Coming to Know our Learners in a Good Way

“It is as though the stories that are shared are doorways into many other stories… Once we enter that world with another… this can lead to many things.  One of them is change”​(Regan, 2010).​


​Imagine a different way of solving friendship problems. In a traditional school setting, teachers, leaders and resource teachers would decide what strategies and activities could work to help smooth things out. They might host a class meeting. But what if they took their students out on the land as a radical attempt to create change and (re) establish relationships?


One learning leader shared her story of just this. Her students were experiencing increasing difficulty with their group dynamic. As a possible solution, the teacher took her students out on the land for the entire day to reconnect with each other. In the beginning, there were complaints about how long the walk was, but as they continued, they developed new found camaraderie through a shared experience and a return to Indigenous ways of knowing and being. They spent time at the medicine wheel. They marveled at the animals they saw and reacquainted themselves with the land.
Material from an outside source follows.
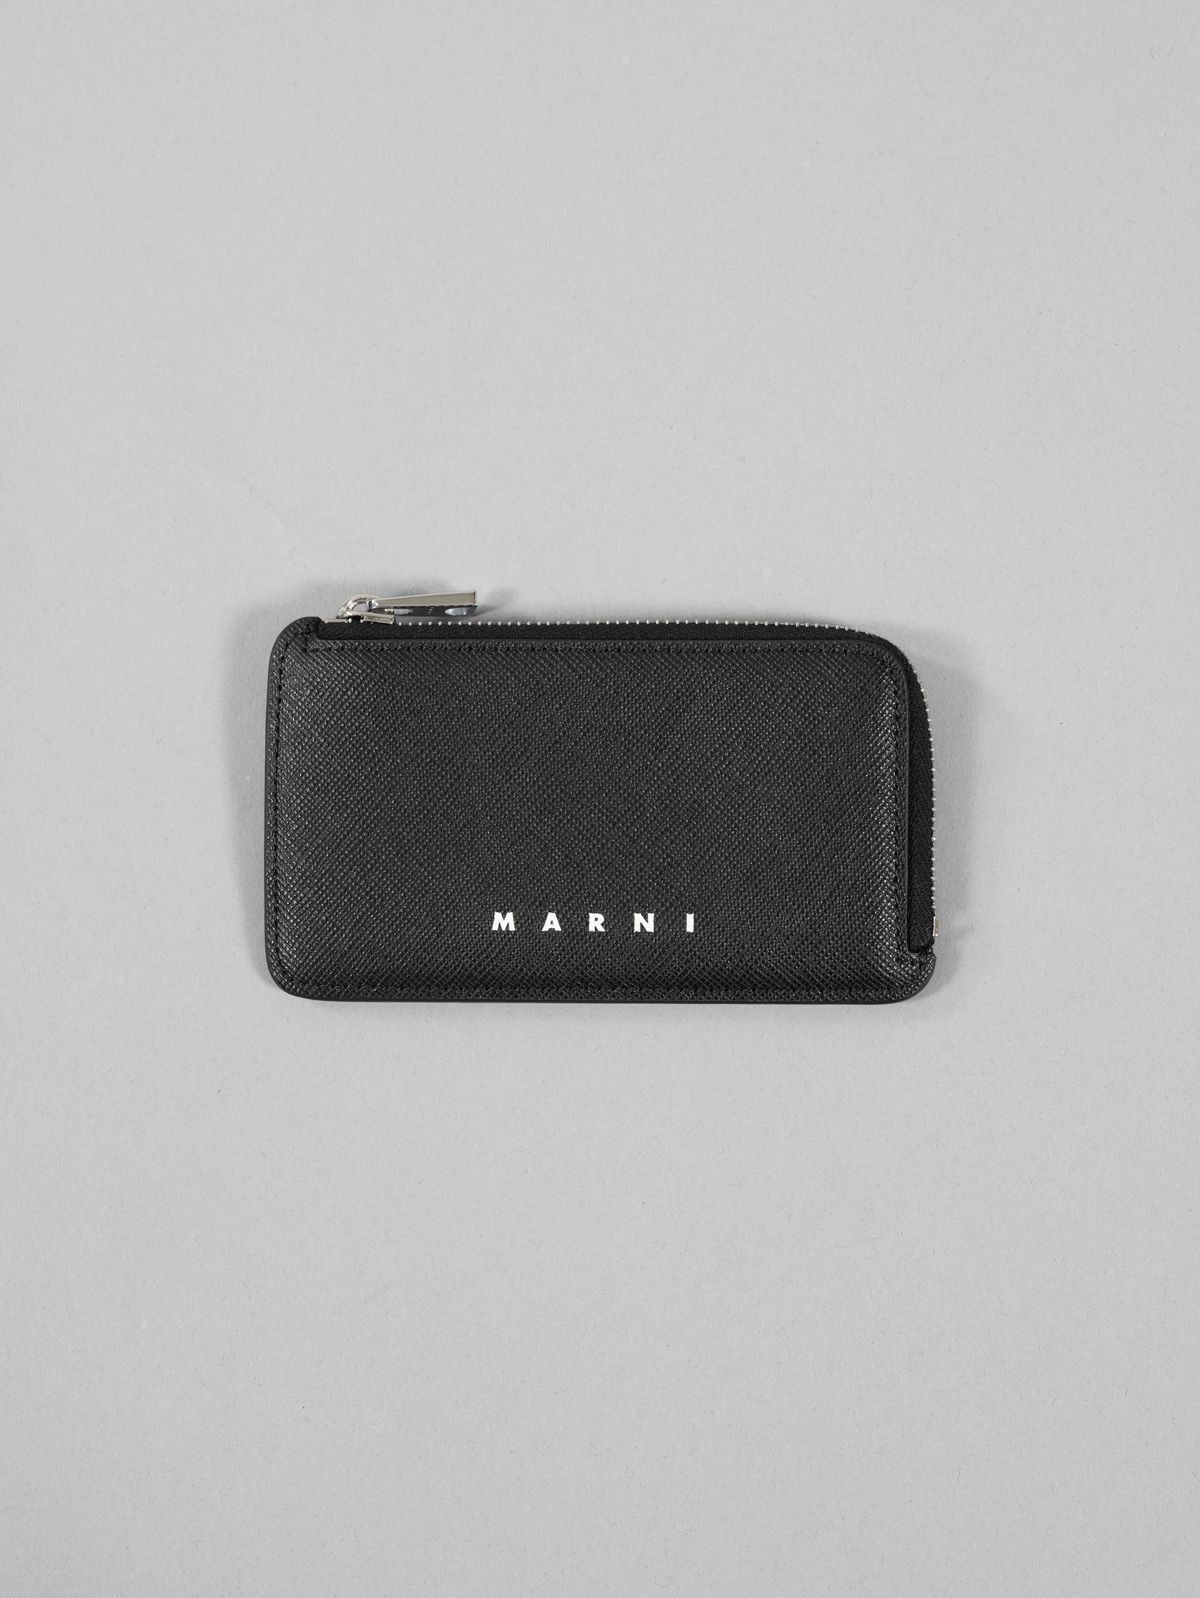 MARNI - 【ラスト1点】COIN CARD CASE / コインケース / カードケース 
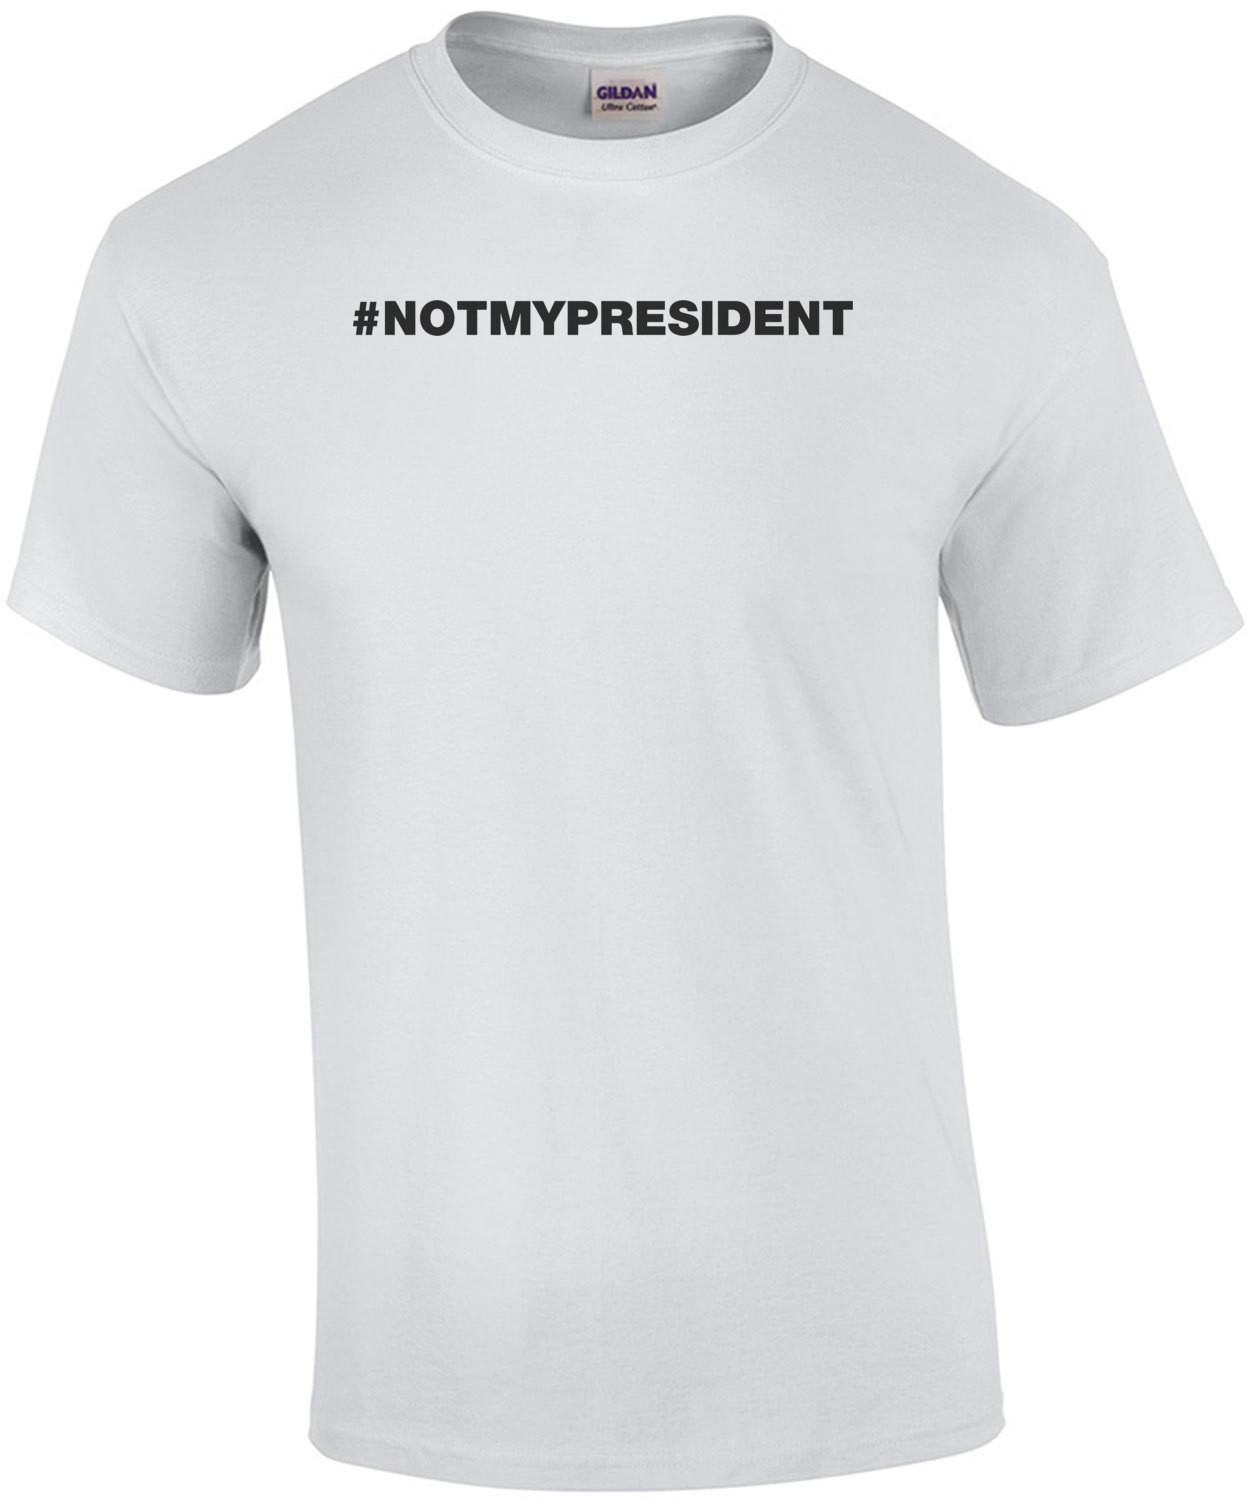 #notmypresident - Hash Tag Not My President Anti Trump Shirt

This story was shared in response to the Calgary Board of Education’s key pedagogical considerations:

  • There are things to be known about each student and knowing something about students has implications for teachers and leaders​
  • What is known in one context should be known in another​
  • Feedback is critical to student achievement​
  • All students can and should learn​
  • Leading and learning together

(CBE, 2015)

and the questions:

  • How do these principles align with the Indigenous perspective of our students?
  • How does these principles impact our practice and our students?
  • What are some examples of how this principle is lived in our classroom and school community?

This educator’s story is not alone. Learning leaders shared inspiring stories of how they were coming to know their students. We heard heartfelt accounts of the importance of storytelling, holistic education, and a collaborative project to build school garden boxes. By building relationships and understanding our learners, we are helping each Aboriginal student to set and work towards learning goals with the support of educators, administrators and learning leaders.


The goal? Intentionally building resilience, perseverance, and critical thinking skills of all students in relation to stories and the land.


Calgary Board of Education (2015) Iris | Key Pedagogical Considerations. Retrieved from:

Regan, P. (2010). The Power of Apology and Testimony. In Unsettling the settler within: Indian residential schools, truth telling, and reconciliation in Canada, pp. 171-192. Vancouver/Toronto: UBC Press.